Из избы доносились звуки – плескалась водица. Проснувшаяся свежей после короткого сна Домна громогласно говорила, тут же смеялась, а Евся тихонько ей отвечала. Потом недовольно пискнуло дитя, и обе бабы затянули что-то ласковое, напевное.

На улице было пусто, все живое попряталось под крышу. В соседнем дворе кричал ворон – и Сусанна пожелала ему захлебнуться злобным карканьем.

От серой пелены отделились две фигуры, прошли по улице, увязая в грязи и бурных потоках. Они явно спешили к воротам Сусанны. Кольнуло: «Петр? Петр?!», но тут же, зоркая, углядела, что нет средь них высокого да широкоплечего.

Стукнуло сердце: «Знала, я все знала». Не выказывая ни малейшего желания встретить у ворот, она так и стояла, ждала гостей. Наконец они подошли, мокрые, словно бездомные псы.

– Здравствуй, Афоня. Здравствуй, Богдан.

Казаки молча поклонились.

– Домна как раз здесь, у меня… Евся-то родила.

Но дождь словно смыл их ответные речи в Тобол, Иртыш и малые реки.

– Вернулись? А Петр мой где, у воеводы? Волешке сказать надобно, отец он теперь. Позвать его надобно. А Петр – где?

Дождь стал тише. Богдан стер с лица капли, и Сусанна углядела на его лице что-то тяжелое, жуткое, сулящее беду. Беду, о коей она давно знала.

Но продолжала так, будто не видела снов, не чуяла ничего:

– Вы что такие хмурые? Татар не побили…

Но, тут же забыв, о чем говорила, принялась с прежней настойчивостью повторять:

– Муж мой где… А вы чего глядите? А-а-а?!

Наконец старший из них оборвал ее муки простым и ясным:

– Муж твой на озере Чаны… Нету больше Петра.

– Господи, упокой душу его. Нюта, будь сильной, – добавил Богдан, словно был взрослым и знал, что такое сила и что такое слабость.

– Нет его? Как нет? Шутишь, Афонька, да, шутишь? И ты, Богдашка, чего шутить вздумали!

Внезапно что-то темное, душное заволокло Сусанну. Она бросилась с кулаками на мужнина друга, принялась бить его по плечам, по лицу, по рукам, а он стоял неподвижно, только повторял: «Нютка, макитрушка наша».

Наконец Богдан оттащил ее, прижал к себе, велел: «Горюй», – и сам заревел как мальчишка. Сусанна сначала отталкивала его, кричала в голос, а потом обвисла на руках и заскулила, тоненько, как потерянный щенок:

– Петр… Сказывал, доколе камень тонет, не оставлю… Я верила. Как же я без тебя? Как?… Отчего не послушал меня?

Дождь внезапно пошел вновь. Но не мощными наглыми струями, а другими, тихими, жалостливыми.

Кто-то сказал:

– Богородица с тобою плачет. Вишь как, Сусанна.

Кто-то из мужиков протянул ей мешок, тяжелый – мол, то доля Петра.

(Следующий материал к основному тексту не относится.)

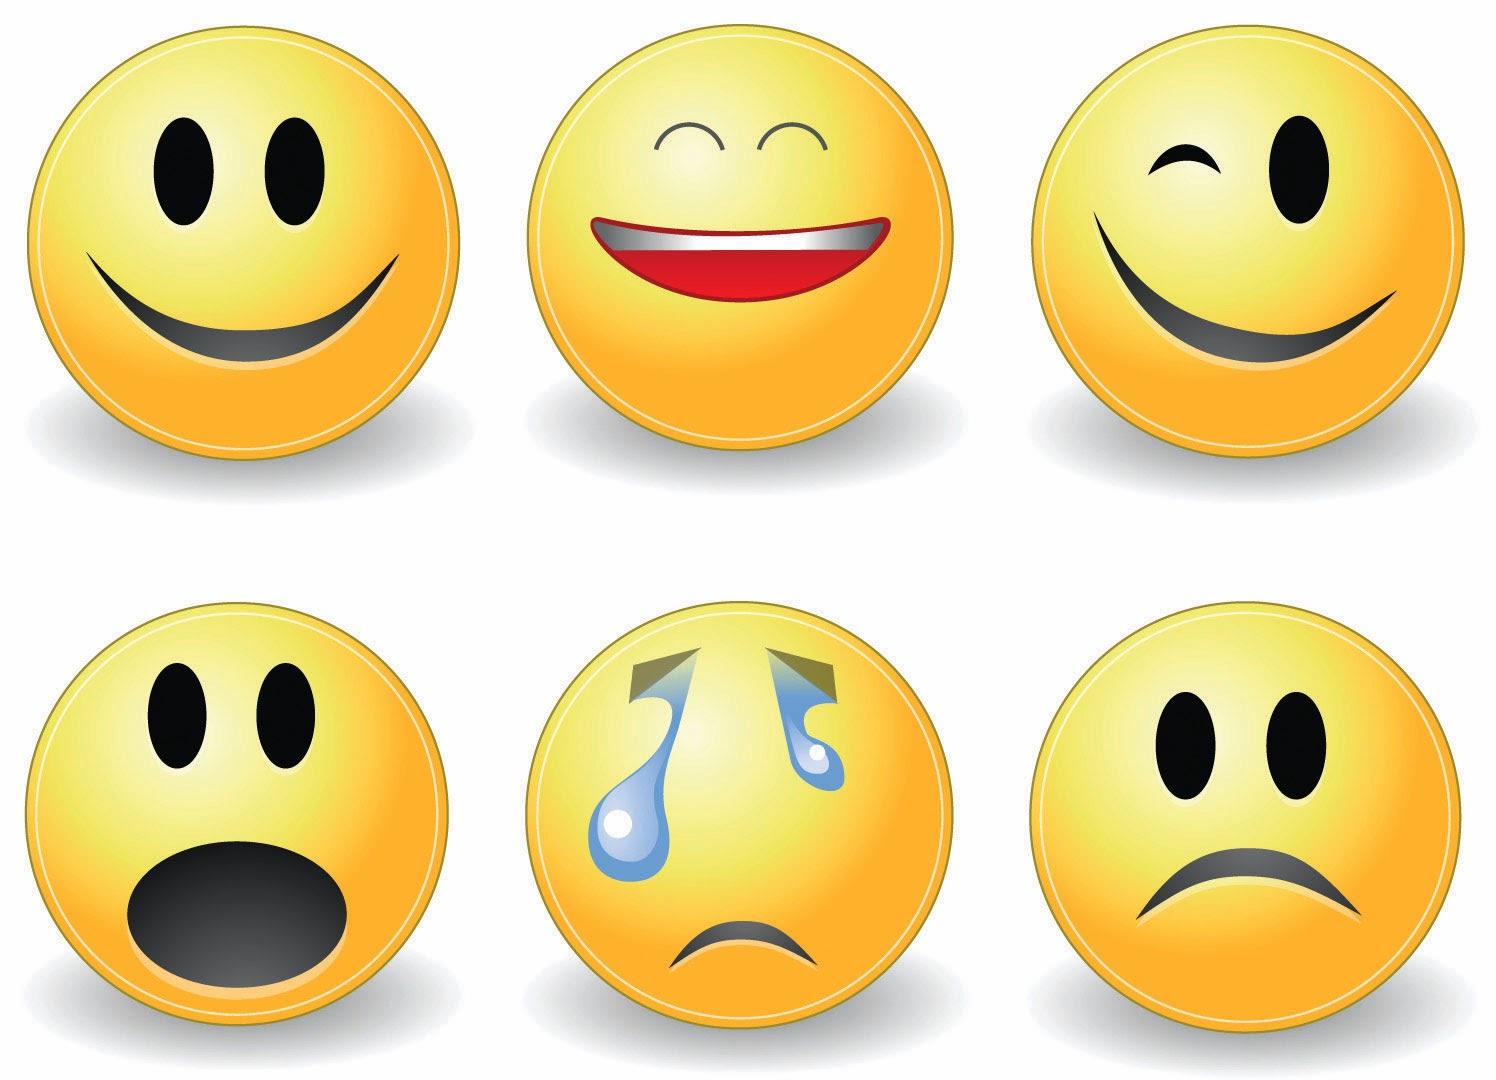 Lotus Notes Emoticons Lotus Notes Same Time Emoticons Animated Emoticons Smileys Symbols

И не поняла, и не слышала, и не разумела ничего. Будто лишилась разом и зрения, и слуха.

Была не здесь, на крыльце своем, а в большом храме, средь тысяч свечей, вместе с Богородицей, со Святой Сусанной, со всеми девами, женами и вдовами, что оплакивали мужей своих, сыновей, всех, кто был рядом – только руку протяни – и внезапно очутился на той стороне реки, в Царстве Божием. Потерян был отныне для живых, обретен для милости Господней и Вечной жизни.

7. Вопреки смерти

Зима 1629 года выдалась ранней. Когда Иртыш покрылся ледяной коркой, когда берега его укутал белый пушистый снег, стало легче и Сусанне. Слезы, пролитые по мужу, остались там, в летних дождях и грозах, напоили землю, стекли в реку и обратились в лед.

Она привыкала жить без мужа – словно к тому можно было привыкнуть. Каждое утро открывала глаза и, заново вспоминая, что Петра больше нет, цепенела.

Так, оглушенная горем своим, и жила.

Хлопотала по хозяйству, пекла блины, заплетала дочкины косы, чинила сыновьи рубашонки, что покрывались дырами словно сами собой. Кормила кур, корову с теленком – их так и не решилась свести на базар. Принимала помощь Ромахи, он каждое воскресенье являлся спозаранку и выполнял всю мужскую работу.

Перечитывала письмецо из далекой заимки у подножия Камень-гор: «Дочка моя милая, голубушка моя, отчего так жизнь бьет, хоть молюсь за тебя и детишек твоих денно и ночно… Обнимаю, зову тебя, опять зову. Сказывала, зачем осталась в далеких землях, не под моим крылом, зачем тебе казак…»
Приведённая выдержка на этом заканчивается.